GBP/USD remained sharply bearish last week, continuing the steep plunge that has been in place for a month, since mid-December. This month’s plunge has represented an acceleration of the bearish trend that has been in place for the past half year. The Bank of England’s rather dovish monetary policy summary on Thursday cast further doubts on the potential for a UK rate hike this year, thereby placing additional pressure on GBP/USD. Friday saw the currency pair hit a new 5½-year low just above 1.4300. With continued weakness under the key 1.4500 resistance level, the next major downside targets are at the 1.4250 support area and then the 1.4000 psychological support level.
AUD/USD spent most of last week in a tight consolidation below key resistance around the 0.7000 psychological level and just above its September multi-year low. This changed on Friday as the commodity currency plummeted to a new 6+ year low below 0.6900 on renewed volatility in China. This latest sharp drop confirms a continuation of both the short-term downtrend that has been in place since the very beginning of the new year as well as the long-term downtrend that has been in place for the past several years. Continued volatility in China’s financial markets and economic growth prospects should likely continue to place pressure on the China-linked Australian dollar. With sustained trading below the noted 0.7000 level, the next major downside targets are at the key 0.6800 and 0.6500 support levels.

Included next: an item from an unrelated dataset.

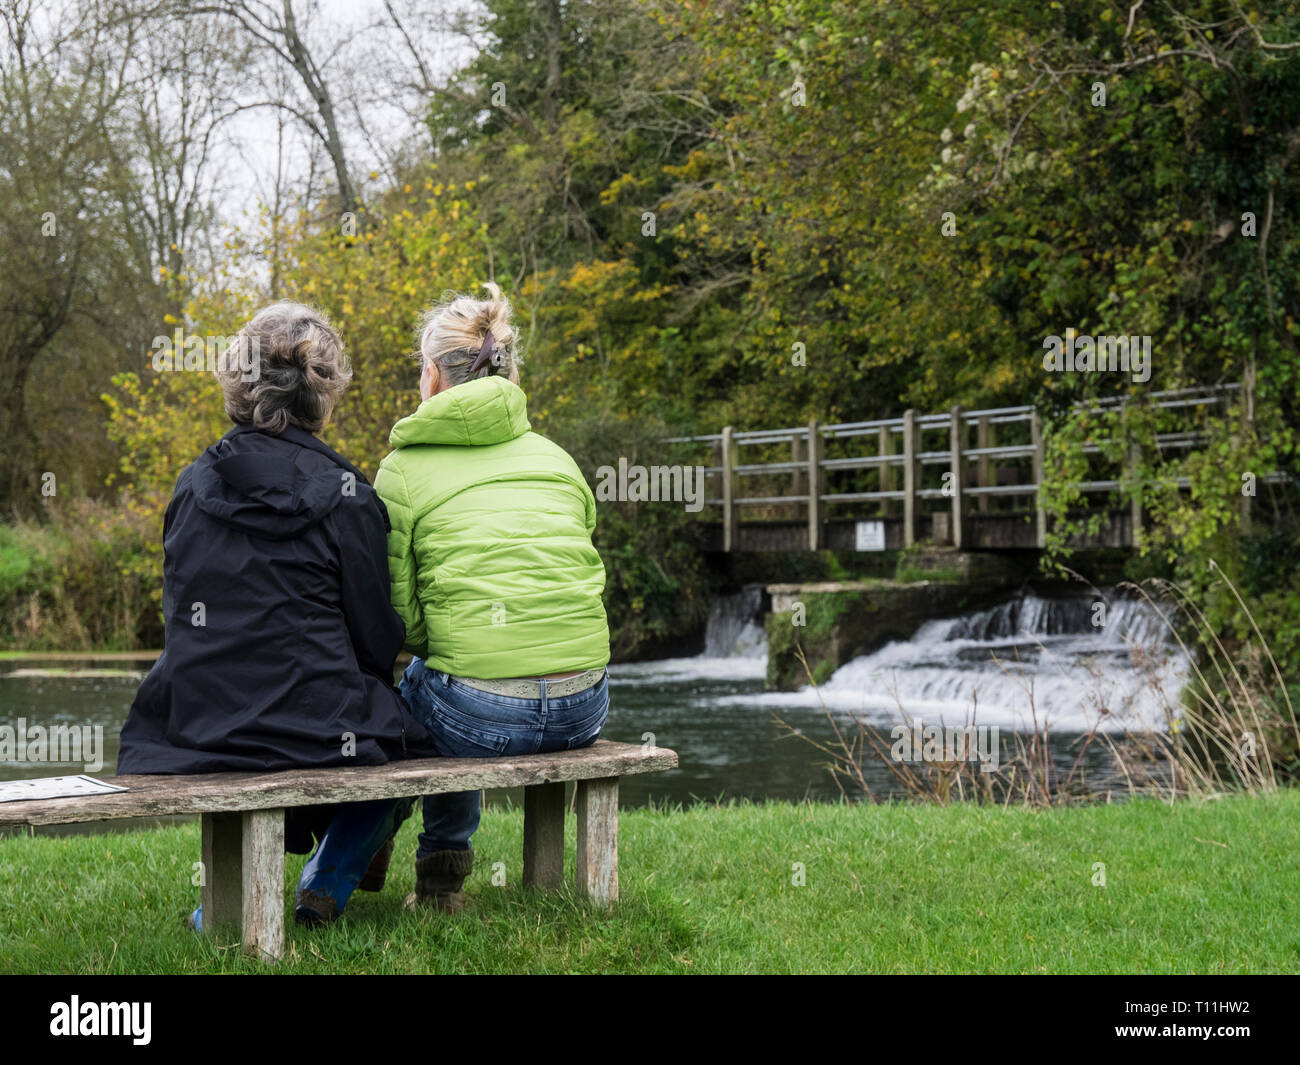 Vue arrière d'une mère et sa fille chat portant des vestes, assis sur un banc au bord d'une petite cascade et Weir en arrière-plan Banque D'Images

USD/CAD has continued its relentless rise as the US dollar has remained supported and the energy-correlated Canadian dollar has been continuously hit by plunging crude oil prices. This has resulted in a sharp rise for the currency pair that has consistently reached and exceeded progressively higher target levels. Most recently, since the beginning of the year, USD/CAD has surged unyieldingly to breakout above the major 1.4000 and 1.4200 resistance levels. With little respite in sight for oversupplied crude oil, it is difficult to foresee any true recovery in oil prices for the medium-term, beyond just limited oversold bounces and short-seller profit-taking. Therefore, the outlook for the Canadian dollar remains rather bleak, and the USD/CAD currency pair should likely continue to trade within its longstanding bullish trend. With sustained trading above 1.4200, the next major upside targets are at the 1.4600 and then 1.4900 resistance levels.